**What you are asked to do**. Using the listing below, output only the lines from the one that contains "Louis Vuitton - Sac" through the one that contains "Espacios chill out", inclusive, exactly as given and without images.

**Data**.
-----
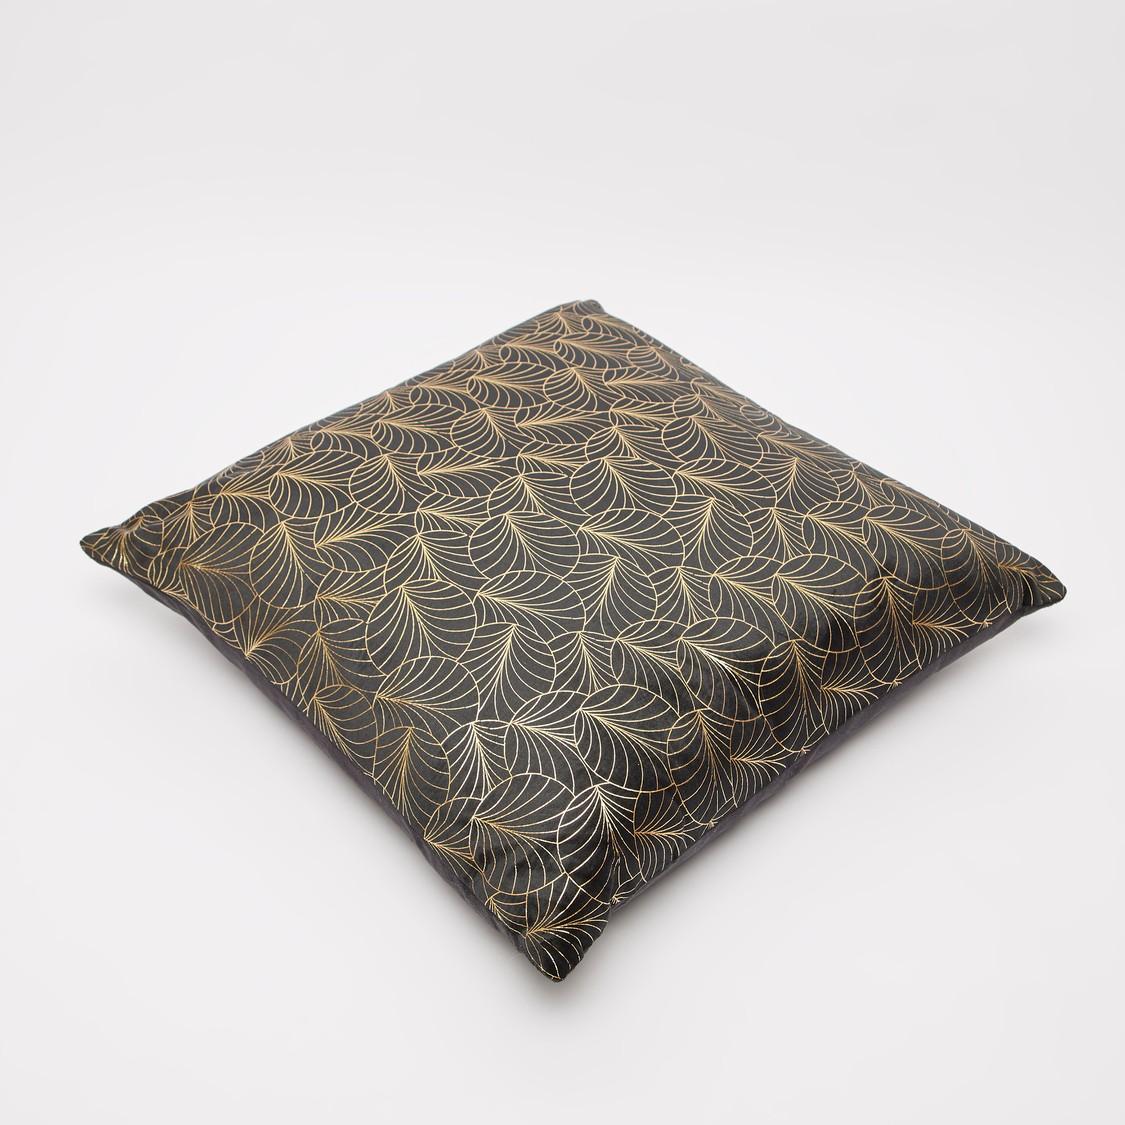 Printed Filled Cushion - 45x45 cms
-----
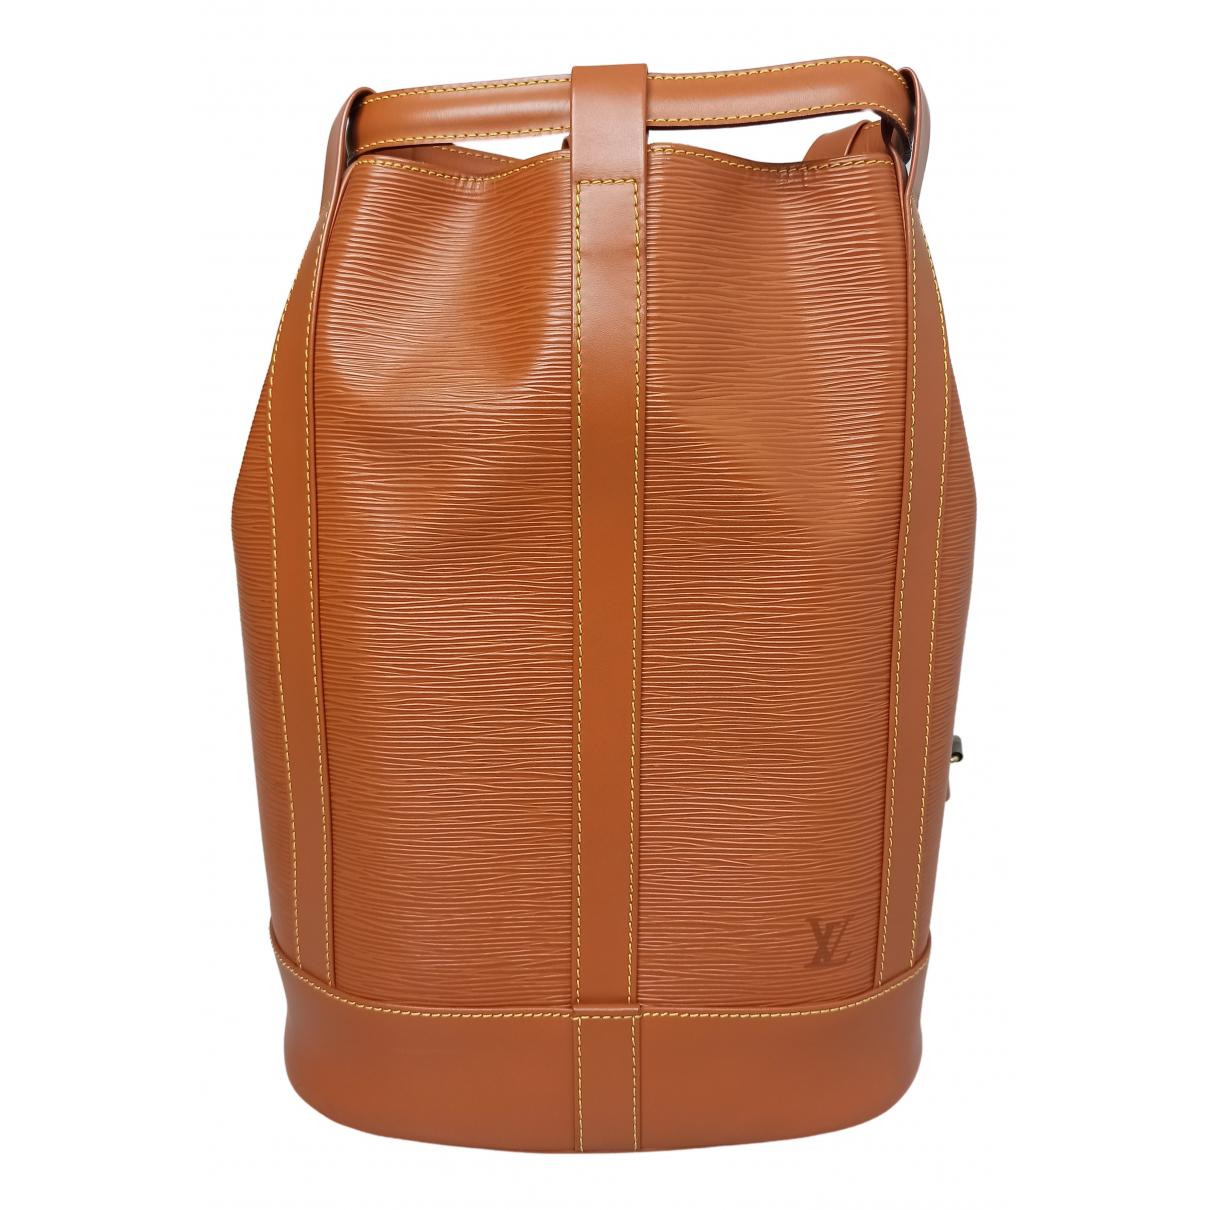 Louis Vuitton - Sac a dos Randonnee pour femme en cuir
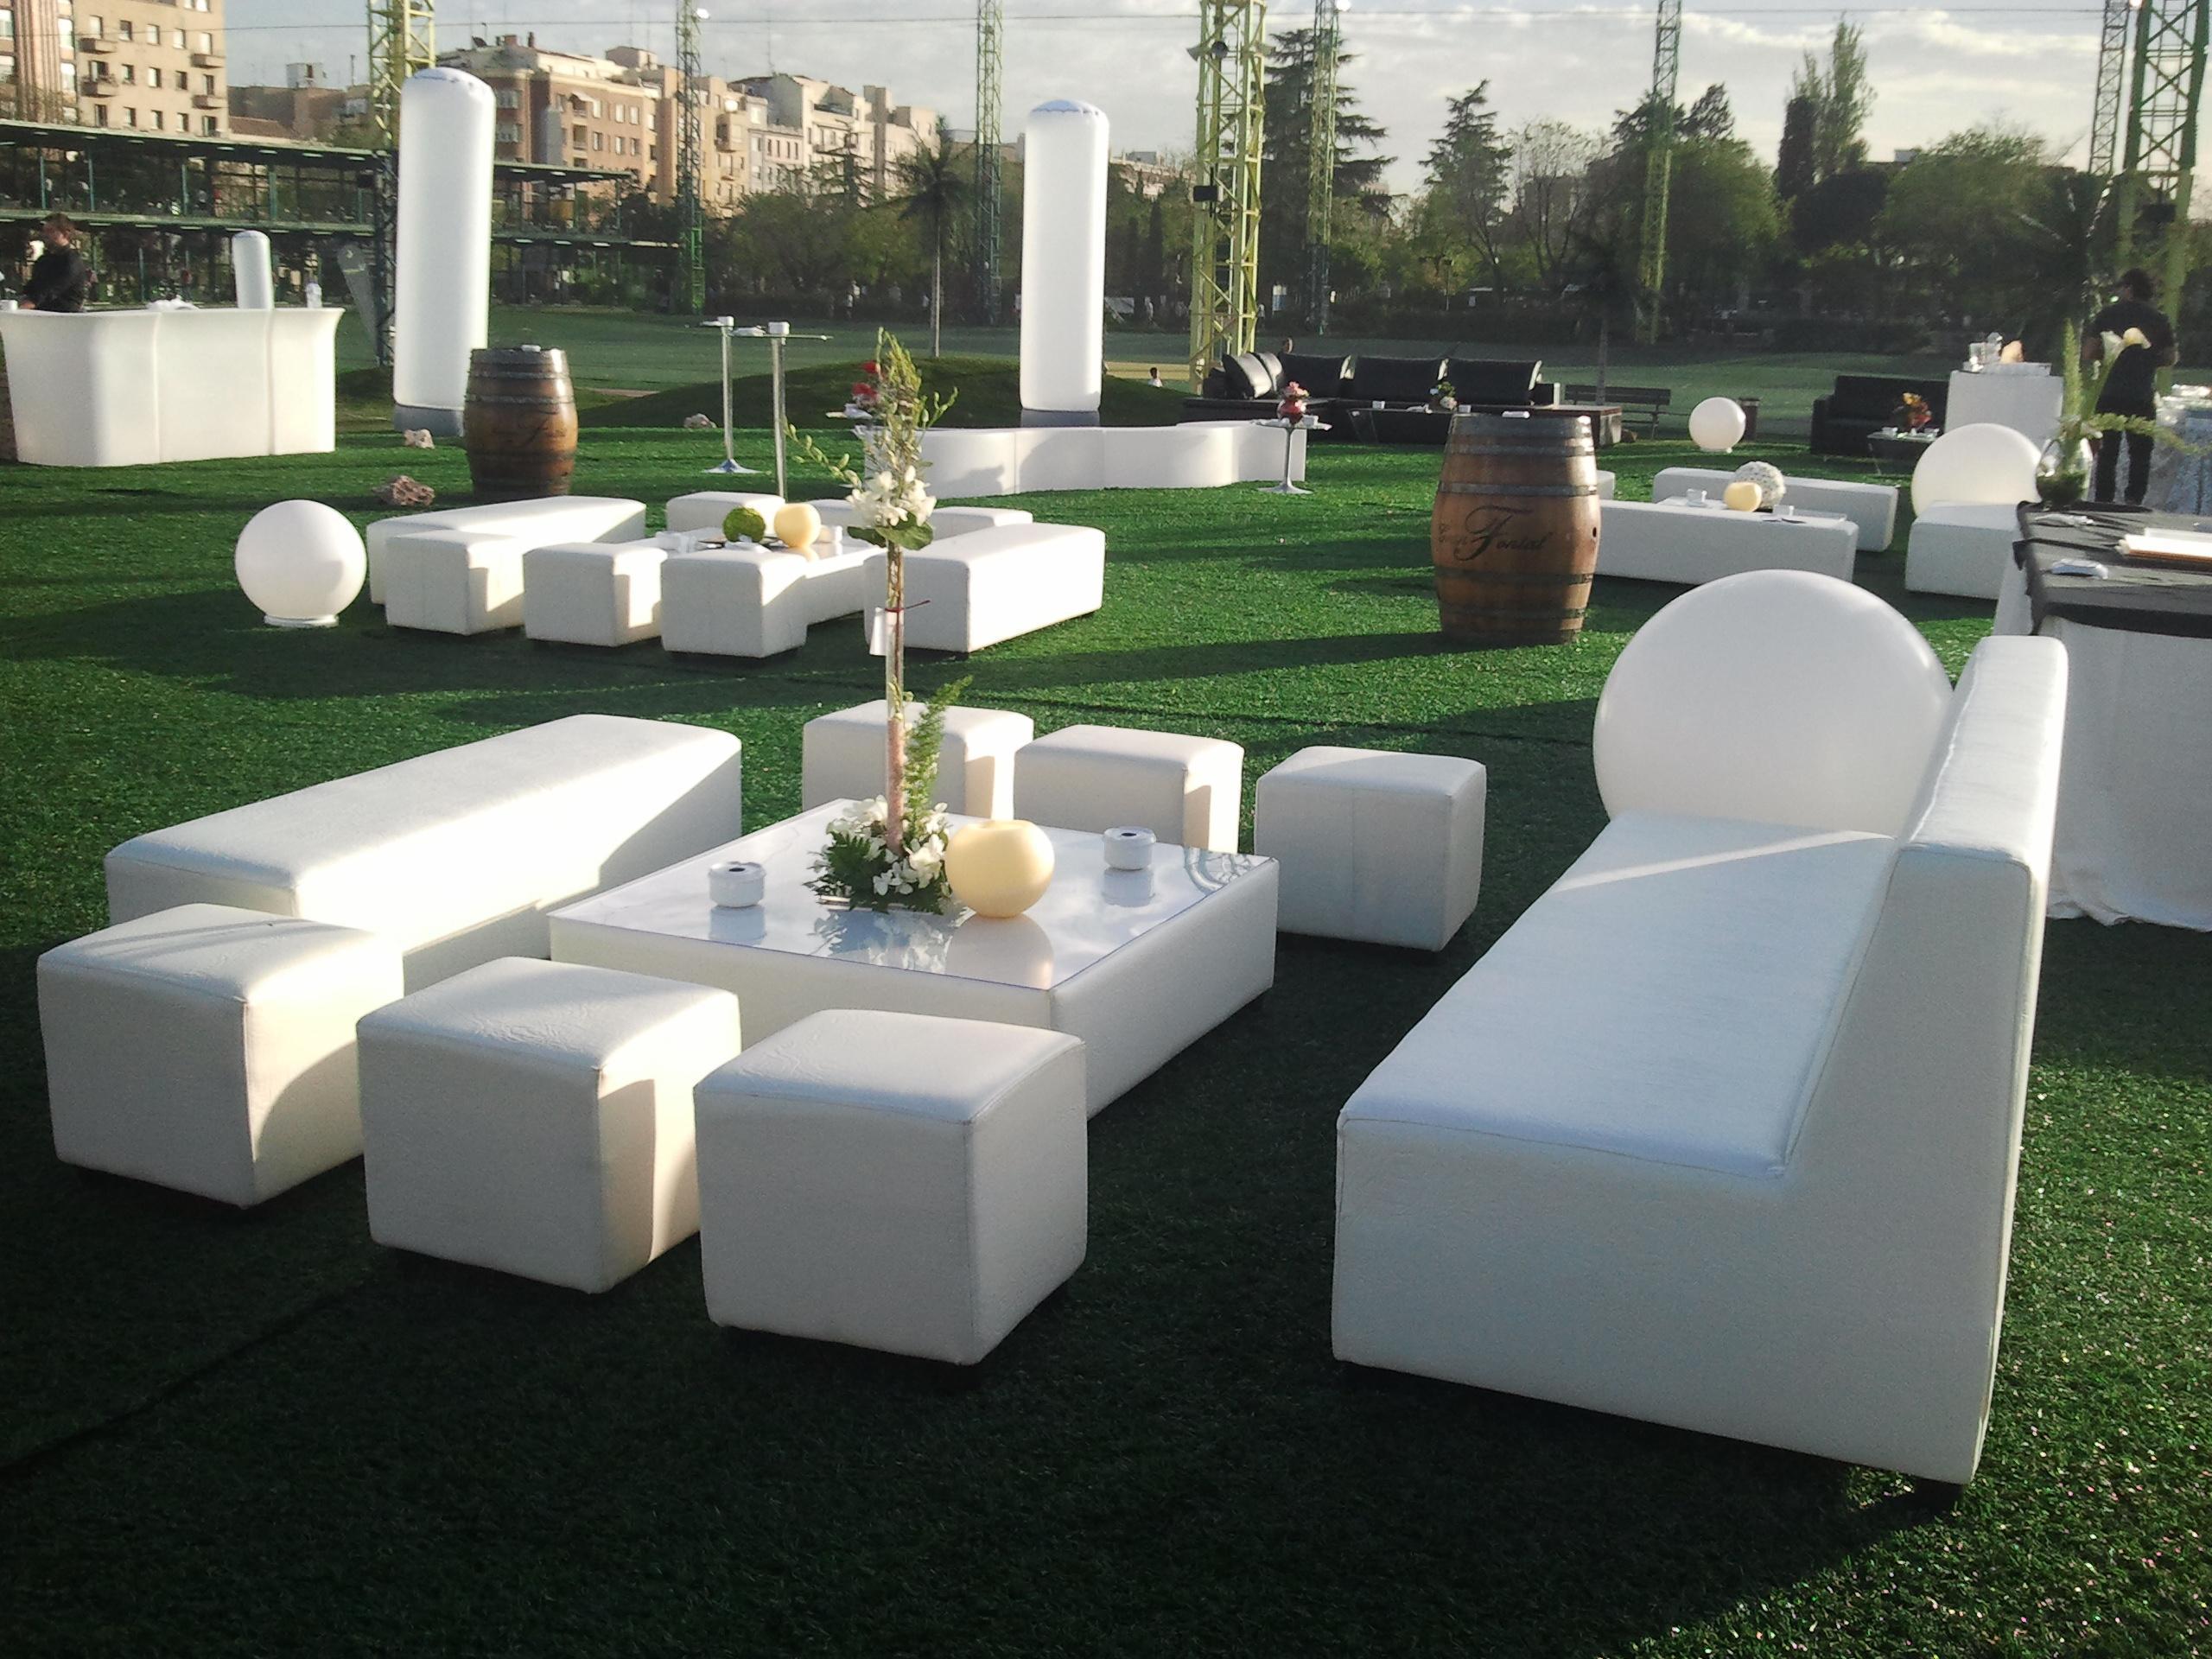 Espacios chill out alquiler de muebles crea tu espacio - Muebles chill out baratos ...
-----
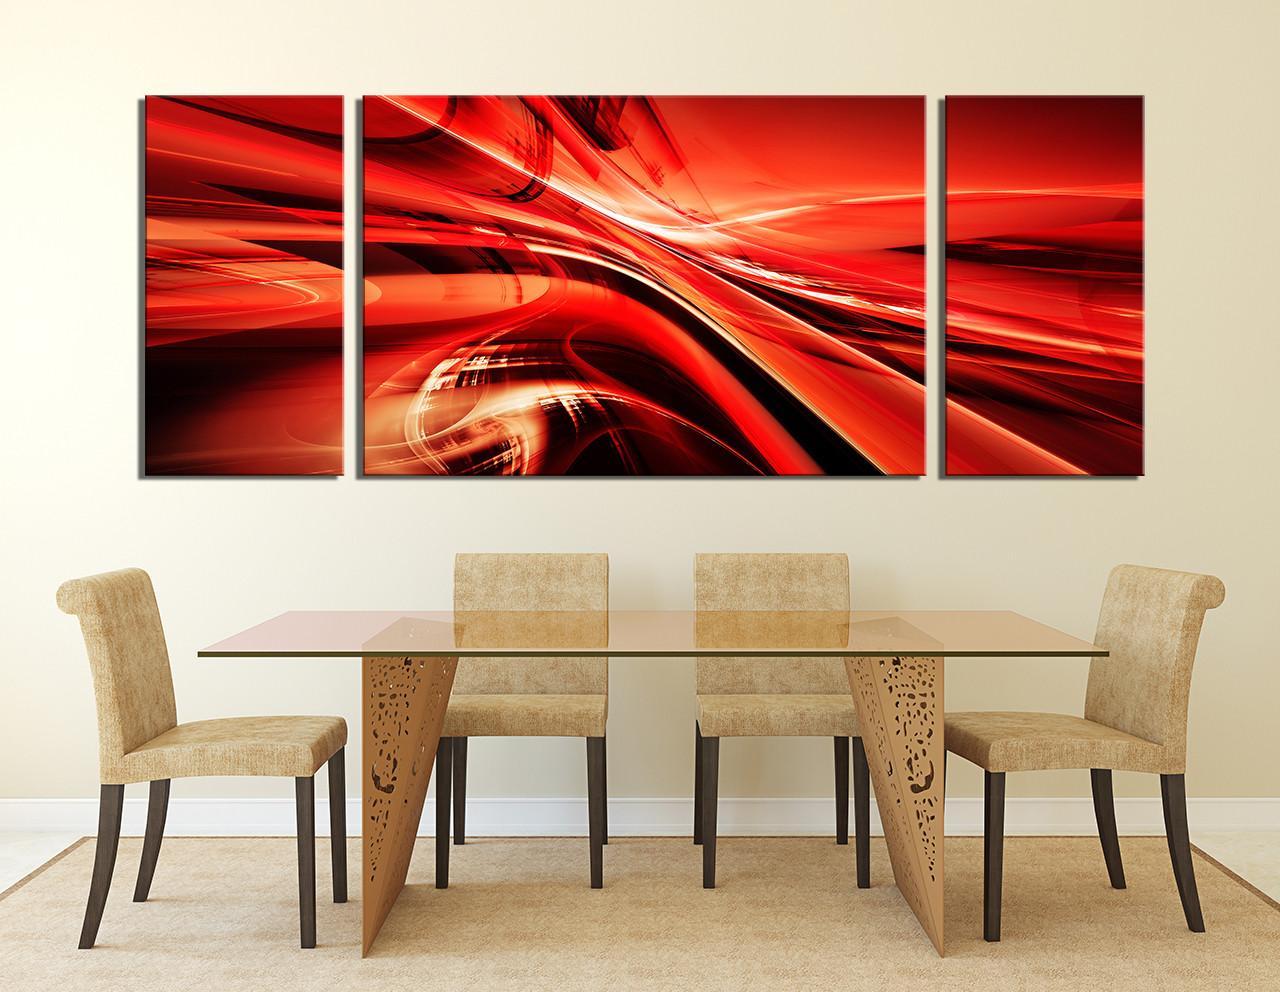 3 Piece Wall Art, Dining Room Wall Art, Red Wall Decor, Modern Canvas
-----
**Reply**.
 Louis Vuitton - Sac a dos Randonnee pour femme en cuir
 Espacios chill out alquiler de muebles crea tu espacio - Muebles chill out baratos ...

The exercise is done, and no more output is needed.